Phoenix Academy is a coeducational secondary school and sixth form located in White City area of Shepherd's Bush, London, England.

==History==
Prior to 1982 there were two schools on the current site of Phoenix High School: Christopher Wren Boys' School and Hammersmith County Girls' School.

In 1982, these two single-sex schools were merged into one co-educational comprehensive school on a single campus. This school was named Hammersmith School, with the two major wings named Wren Wing and County Wing to denote the previous school buildings. At the time of merging, the combined pupil population was 2,200.

By the early 1990s, both the pupil population and educational standards at Hammersmith School had fallen and it was judged by OFSTED to be a failing school. A relaunching and rebranding of the school to The Hammersmith School failed to improve standards, and in November 1991 a major fire started by pupils in Wren Wing building caused extensive damage.

In 1994 the school had been placed in special measures and was listed as one of the eight most challenging schools in England and the school population had fallen to 500 pupils. 'Superhead' William Atkinson was appointed as headteacher to attempt to turn around the school's fortunes, and it was relaunched as Phoenix High School.

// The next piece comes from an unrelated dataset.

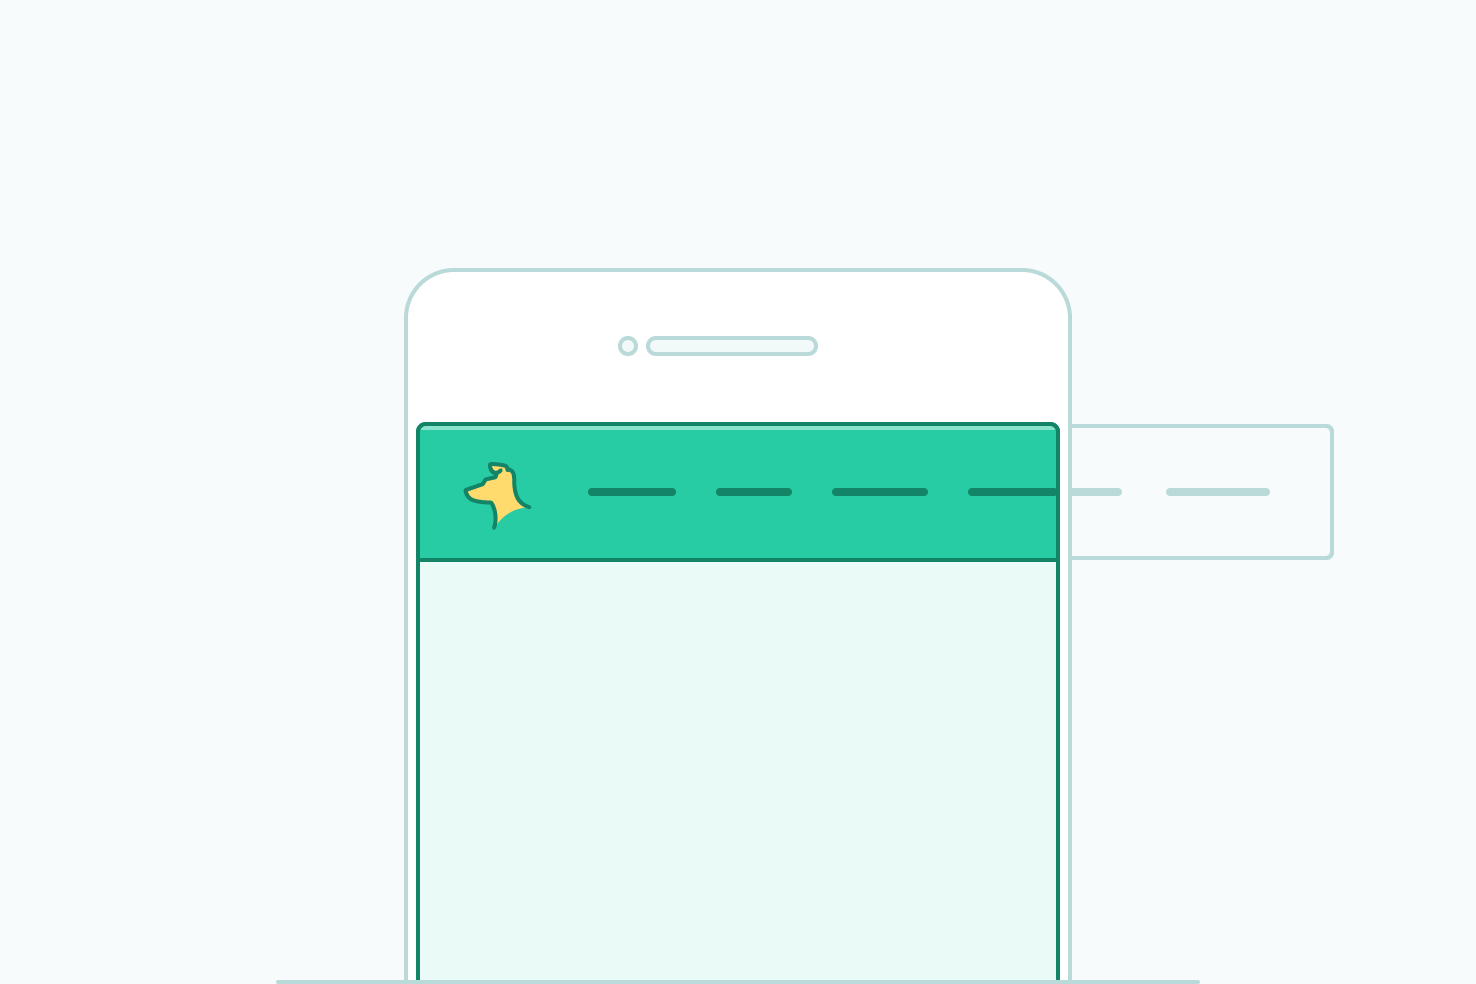 Simple horizontal scrolling menu with CSS
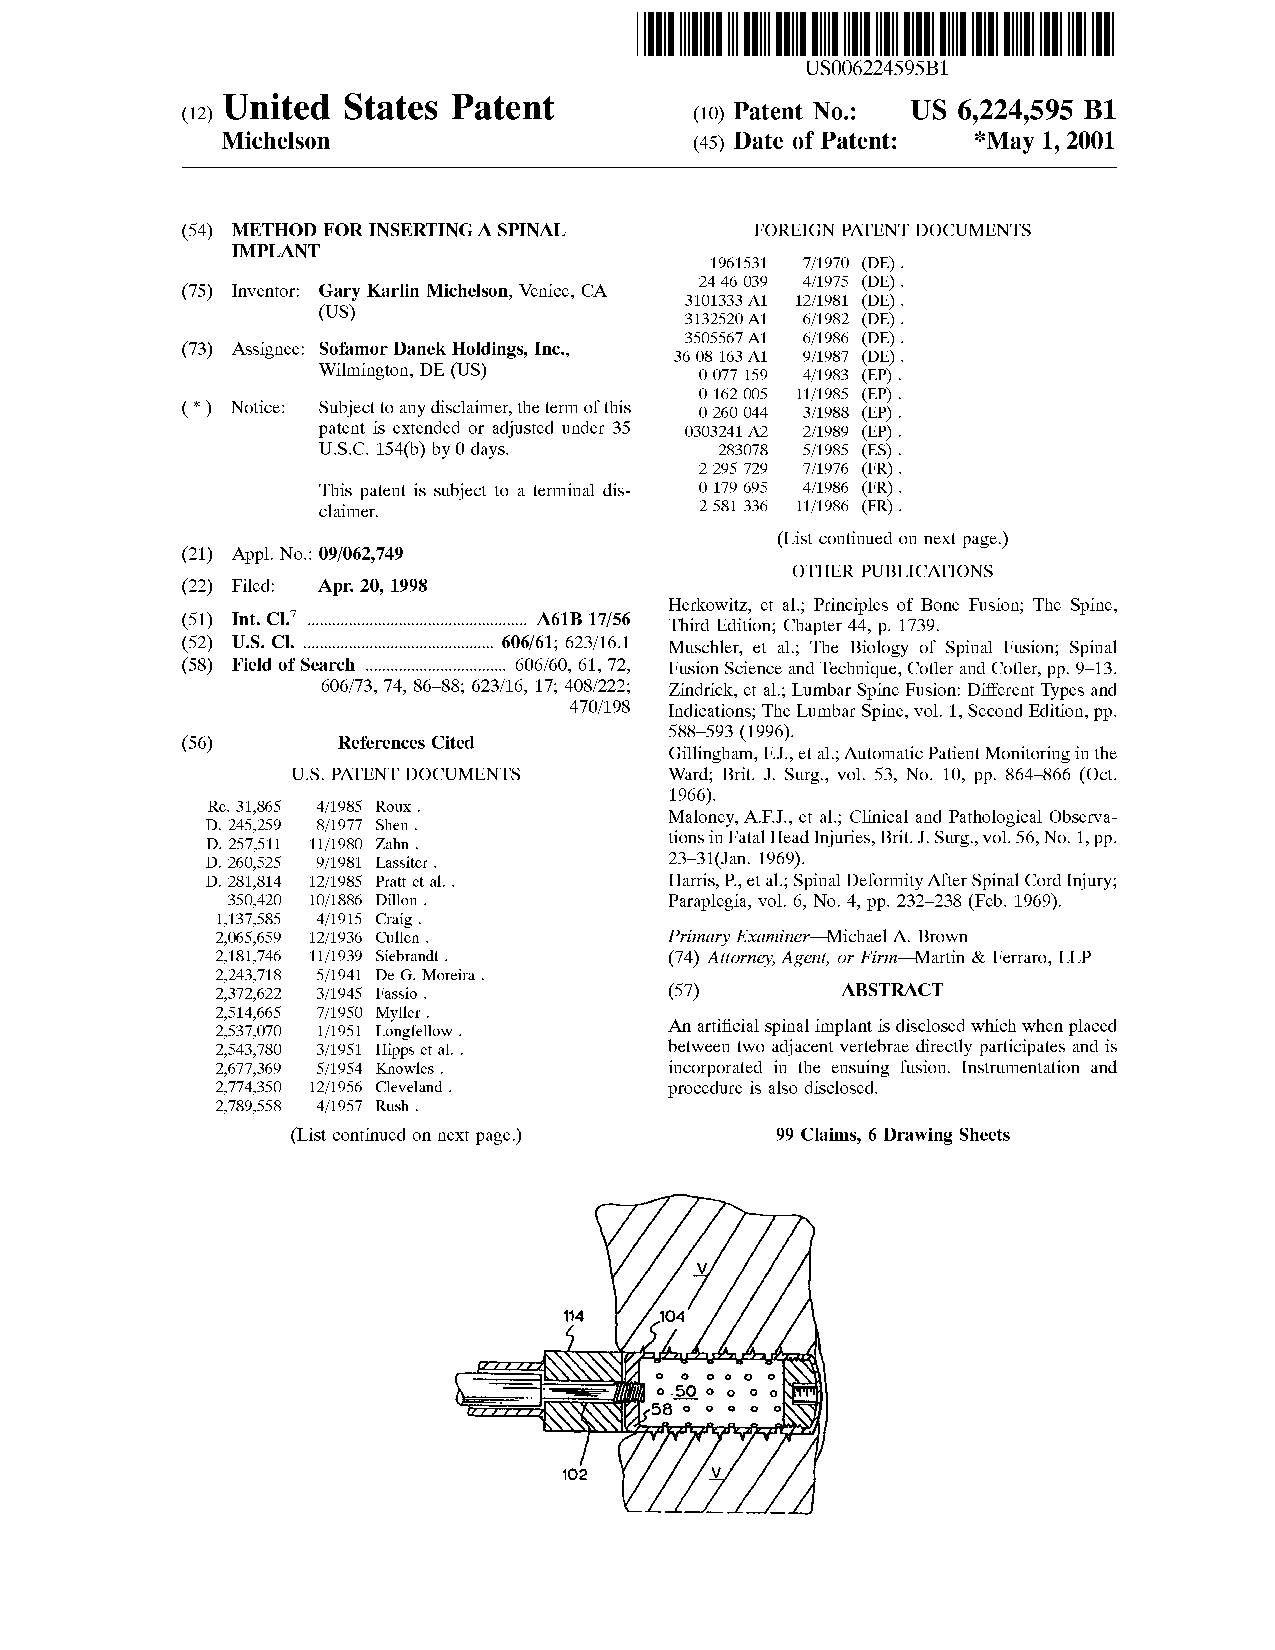 Method for inserting a spinal implant - Patent 6,224,595

In 2003 it had 759 students, of whom 429 were boys.

In 2007 it was reported by The Guardian to be the "most improved school" in the United Kingdom, judged by "league tables" of results. Headmaster Atkinson was knighted in the 2008 Queen's Birthday Honours for "services to education and community relations".

Following Sir William's departure, the school once again declined into special measures, in May 2016. Following this, Michael Taylor took over the leadership of the school. the school became an academy in September 2016 and was renamed Phoenix Academy. Michael Taylor left at the end of the 2017 academic year, making way for a new leadership team for 2017/18.

==Description==
This is a small academy that is managed by Future Academies Trust, who strongly believe in a knowledge centred curriculum, and one that is focused on the classics normally only taught in private schools. As such all Key Stage 3 pupils are taught Latin, though this is not offered in Key Stage 4. In the sixth form students can study Ancient History and Latin.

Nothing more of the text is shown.